Posted by guest , Jan 09, 2009 10:47AM
@4 that is awful -
Posted by guest , Jan 09, 2009 11:11AM
You know they sandbagged this number, and will try to sneak the real losses past us in next month's 'revision'. It'll probably end up over 600k.
Posted by guest , Jan 09, 2009 11:17AM
2/3, are you serious? We're way beyond a simple contraction/expansion analysis here.
Posted by vbierschwale , Jan 09, 2009 11:28AM
Let me show you some unemployment numbers that I believe you can take to the bank because these numbers are garbage
http://keepamericaatwork.com/?p=733
Regards,
Virgil
http://www.KeepAmericaAtWork.com
Posted by guest , Jan 09, 2009 11:38AM
Not good - it'll get revised up.
More important, Wideclops was on christmas vacation, so couldn't can folks in December.
Unless they really work the "seasonal adjustment", I'd expect the real miserable number to be for January, when HR gets around to firing folks.
Posted by guest , Jan 09, 2009 11:42AM
@17
Are the labor numbers new to you. If they were double, would it be news to you. Point is everyone already knows this.
These idiots on tv/press just keep jawboning the same noise until everyone buys krugerands and hide in their basements.
How about a story like, we will lose another 5 million jobs, the economy will stabilize within a year, and things will start to return to normalcy.
@10 KMA
Posted by guest , Jan 09, 2009 11:43AM
stagggggflation wooooooooooooo!! watch it happen 6 months from now!
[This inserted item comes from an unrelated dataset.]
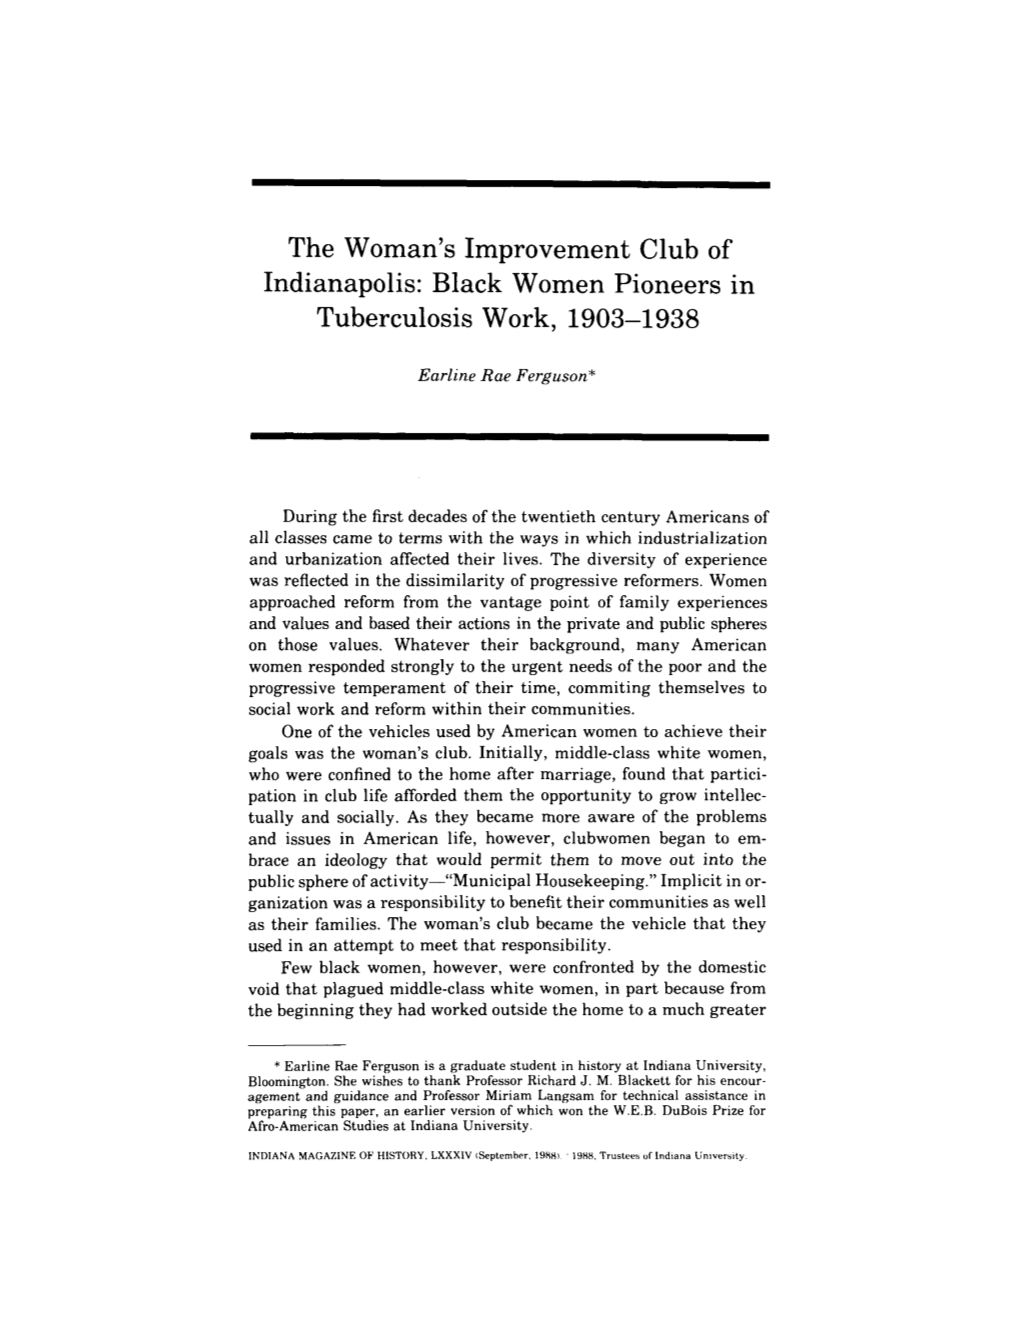 The Woman's Improvement Club of Indianapolis

Posted by guest , Jan 09, 2009 12:46PM
Bob Rubin - Why are you dogging Hostess Cupcakes? They are AMERICAN made and absolutely delicious. All of the ingredients that go into Hostess, Wonder, and Dolly Madison are from AMERICAN companies. 22,000 people are employed to bring AMERICANs Hostess, Wonder Bread, and Dolly Madison products.
Be nice, buy AMERICAN made products to keep AMERICANs employed.
Posted by guest , Jan 09, 2009 1:01PM
@18
Back to the yahooo boards.
Posted by guest , Jan 09, 2009 5:14PM
Why would Citigroup's layoffs factor into December's numbers? WARN act (mass layoffs) requires 60 days notice, so anyone laid off in December would technically be on payroll through February.
And since you can't claim unemployment benefits while you're receive severance, I would argue that the numbers are going to get much, much worse in 4-6 months.
Posted by guest , Jan 09, 2009 8:35PM
@18 - aren't you a little far from home?